How is congenital heart disease diagnosed in children?

During the fetal period, under the influence of certain factors, the fetus's cardiovascular abnormalities are called congenital heart disease. Congenital heart disease is a very common congenital malformation with an incidence rate between 0.4% and 1%. Its spectrum is very wide, including hundreds of types, often accompanied by multiple malformations with varying degrees of severity. Patients with milder conditions are asymptomatic throughout their lives and do not require special treatment.

1. Symptoms and signs. The clinical manifestations of congenital heart disease are very diverse and are related to the degree of deformity. Typical symptoms include repeated colds, developmental delay, sweating, fatigue, shortness of breath, cyanosis of lips, etc. Auscultation can reveal obvious heart noise. If complicated with infective endocarditis, the patient will experience chest pain, palpitations and other symptoms.

2. Laboratory examination. Once the above symptoms occur, you should seek medical attention in time and receive relevant examinations. First, laboratory examinations should be performed, including C-reactive protein determination, complete blood cytology count and blood culture. If the C-reactive protein increases significantly, it may be endocarditis, and further blood culture is needed to identify the pathogen.

3. Imaging examination. Further imaging examinations are required, including echocardiography, CT examination and magnetic resonance imaging examination. Echocardiography is the main means of diagnosing congenital heart disease and can provide a detailed understanding of cardiovascular blood flow and structure. CT examination is non-invasive, rapid and comprehensive, and can show complex large vessel malformations and present intuitive results.

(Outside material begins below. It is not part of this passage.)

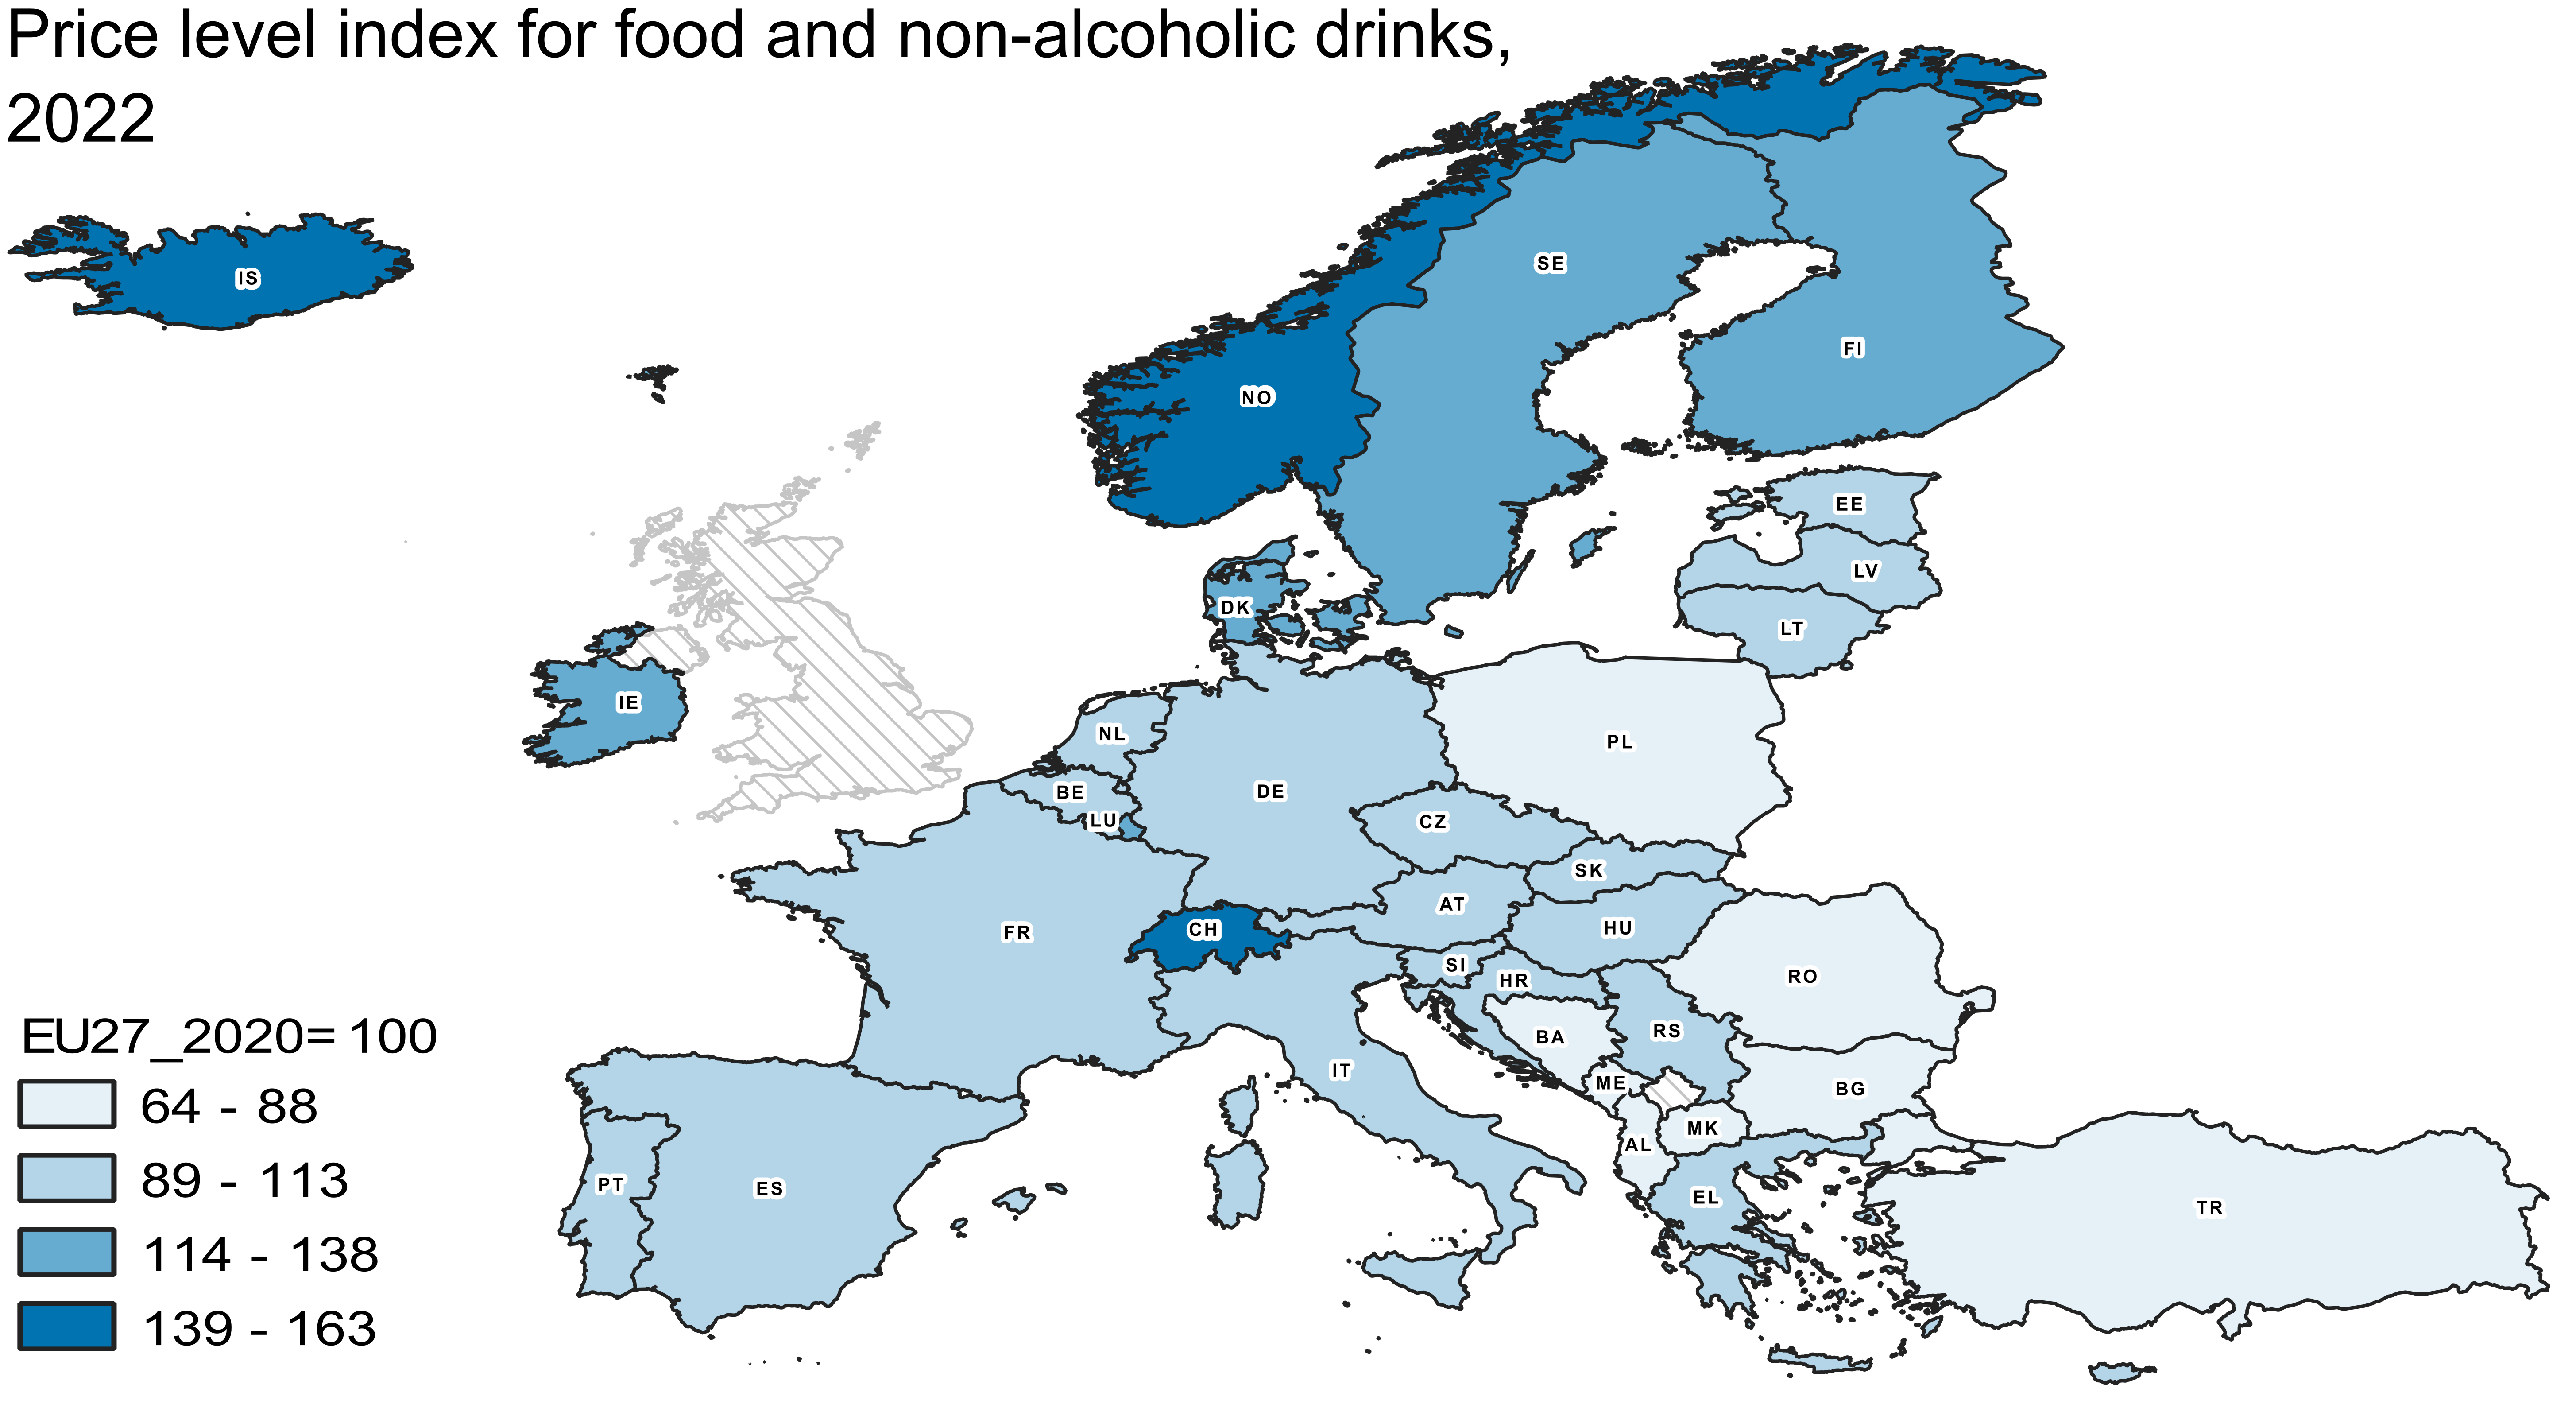 The map describes the price level differences of food and non-alcoholic beverages in European countries in 2022. Food and non-alcoholic beverages were most expensive in the EFTA countries Switzerland, Norway and Iceland. In these countries, the price level exceeded the EU average by 40 to 60 per cent. Food was most affordable in Türkiye and North Macedonia, their price level was less than 70 per cent of the EU average. The price levels for food in EU countries settled between these two groups.

The above are the diagnostic methods for congenital heart disease in children, which should be judged in combination with clinical symptoms and examination results. This is a complex congenital disease with very diverse clinical manifestations, which requires detailed examination and a treatment plan based on the type of deformity. The treatment methods for this disease include traditional surgery and interventional surgery, mainly including balloon valvuloplasty, catheter occlusion, etc.